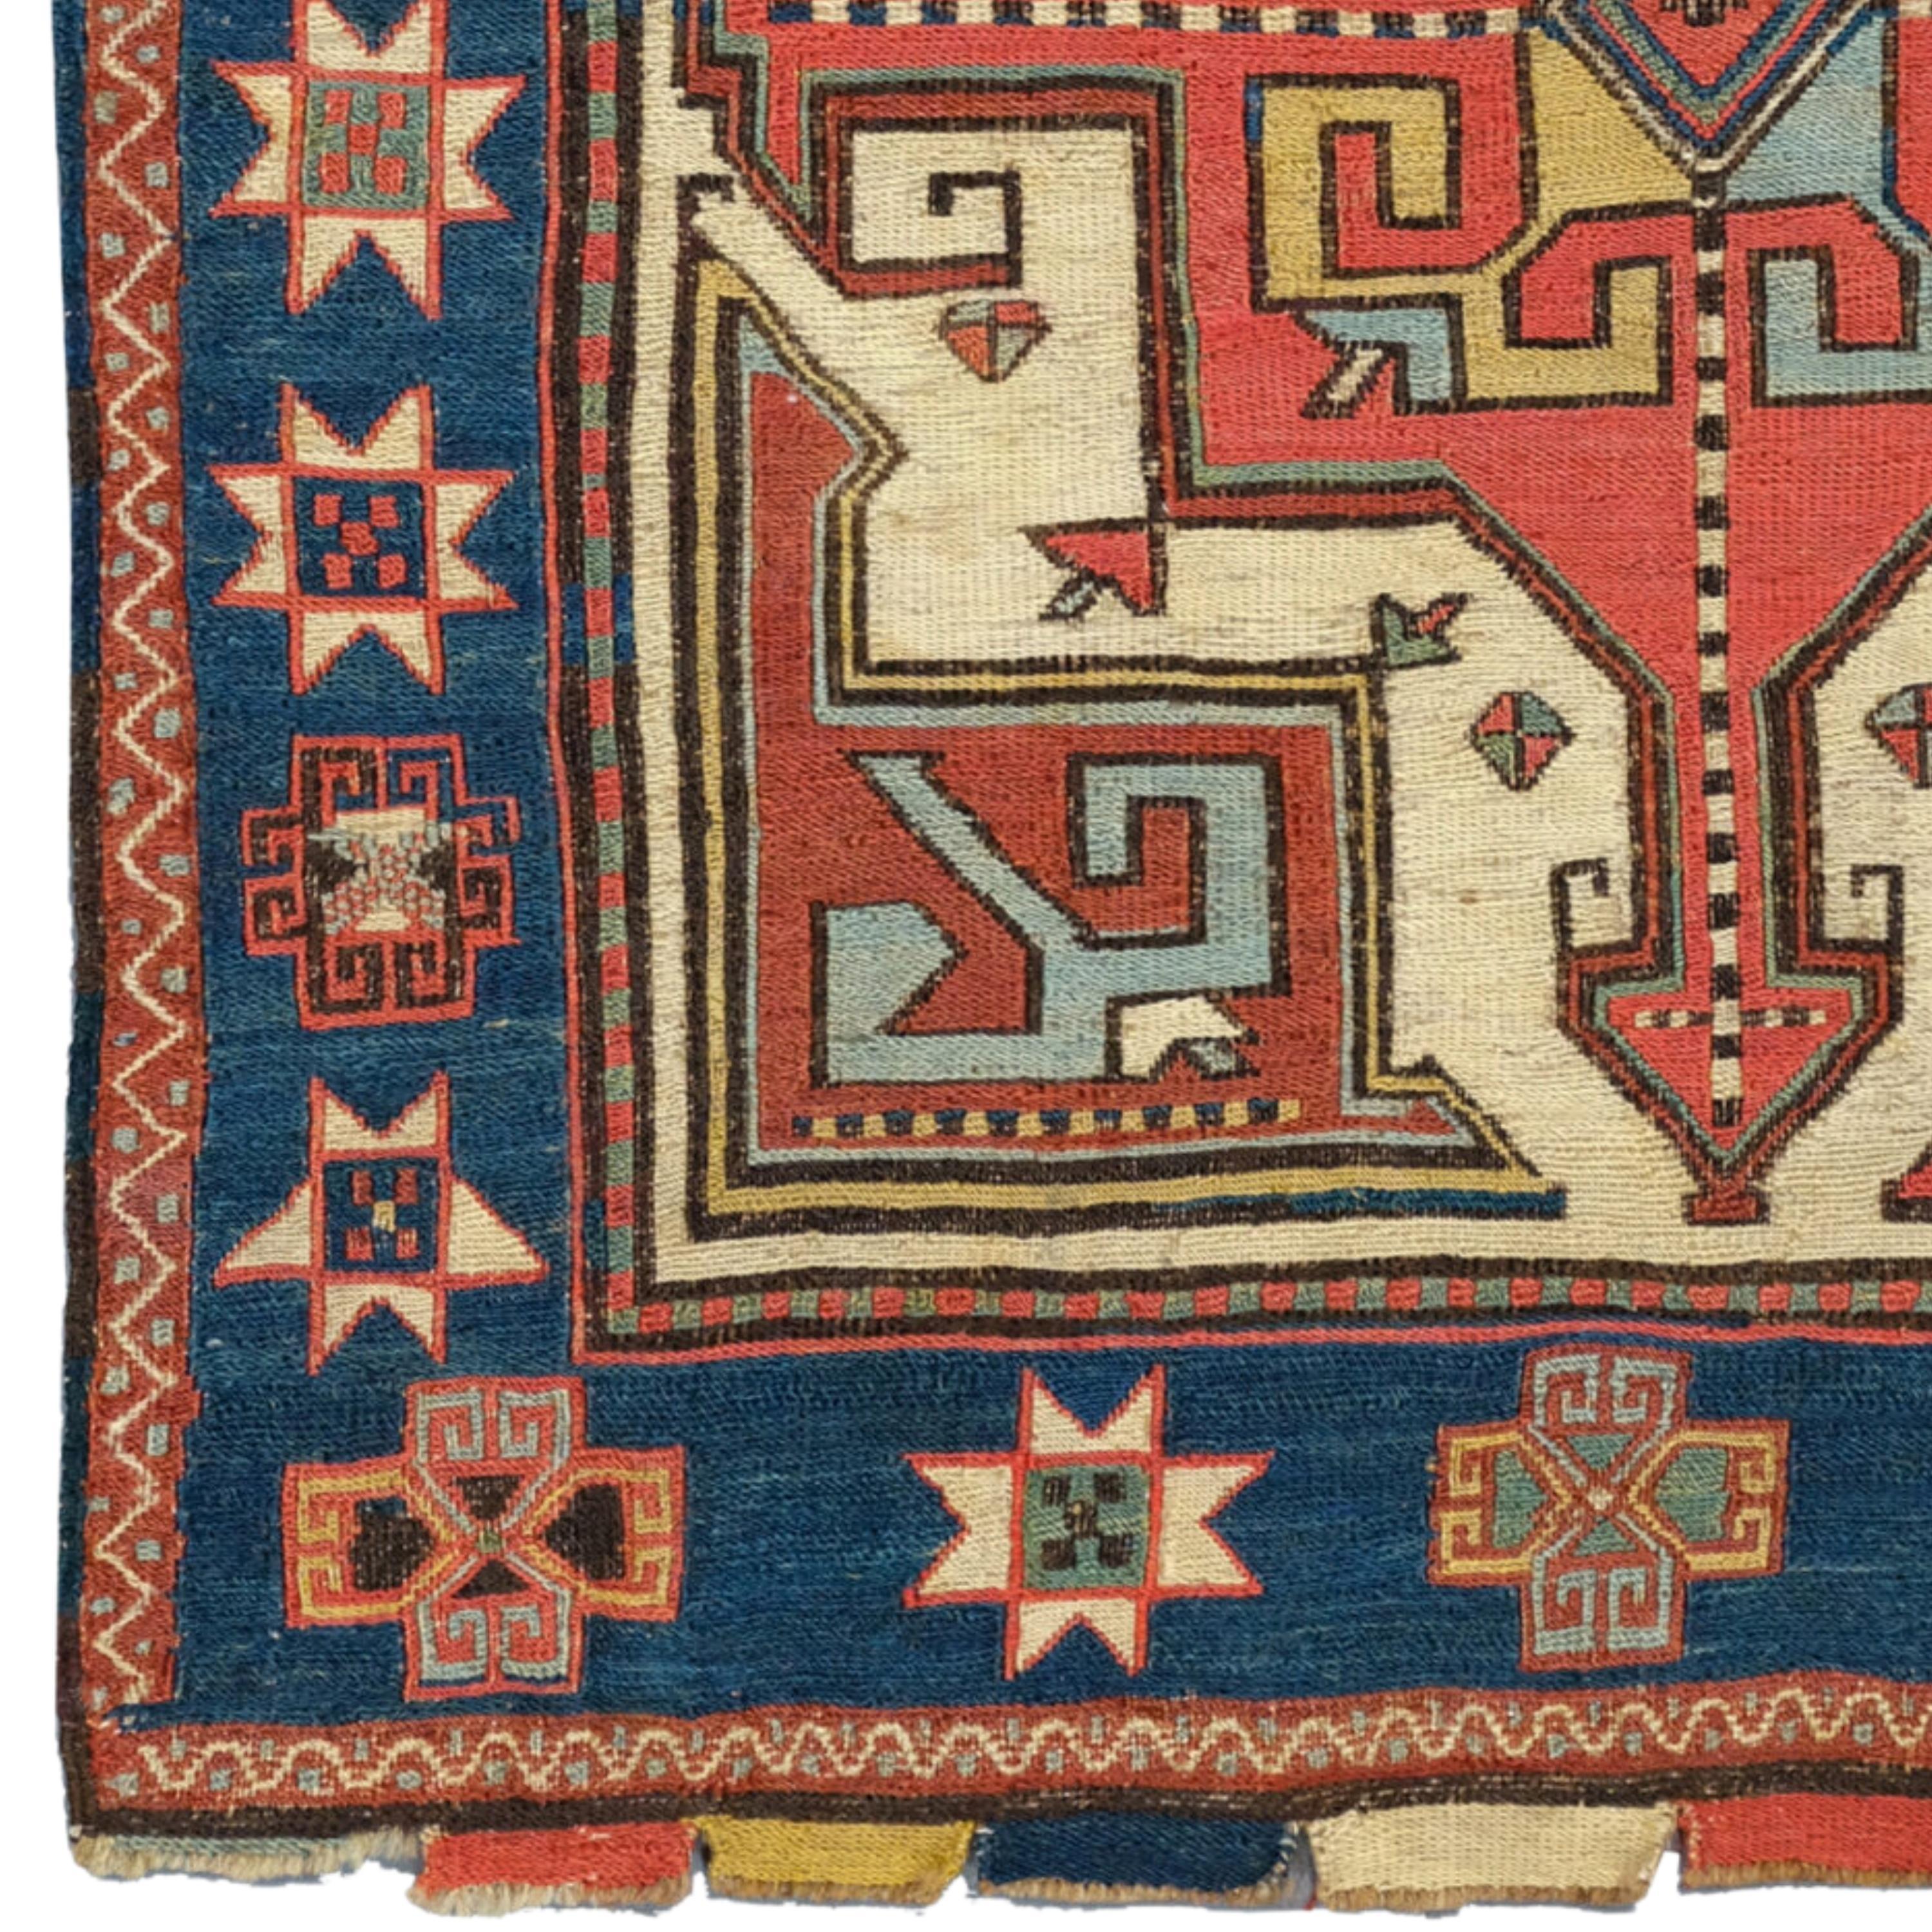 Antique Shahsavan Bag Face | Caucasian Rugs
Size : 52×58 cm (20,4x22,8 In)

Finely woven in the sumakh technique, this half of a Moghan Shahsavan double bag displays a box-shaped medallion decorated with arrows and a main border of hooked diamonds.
--
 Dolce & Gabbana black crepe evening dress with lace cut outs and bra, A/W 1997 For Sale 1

### PROBLEM DETAILS
For each line in the data that holds the word "with", copy the line.

### TASK SOLUTION
Finely woven in the sumakh technique, this half of a Moghan Shahsavan double bag displays a box-shaped medallion decorated with arrows and a main border of hooked diamonds.
 Dolce & Gabbana black crepe evening dress with lace cut outs and bra, A/W 1997 For Sale 1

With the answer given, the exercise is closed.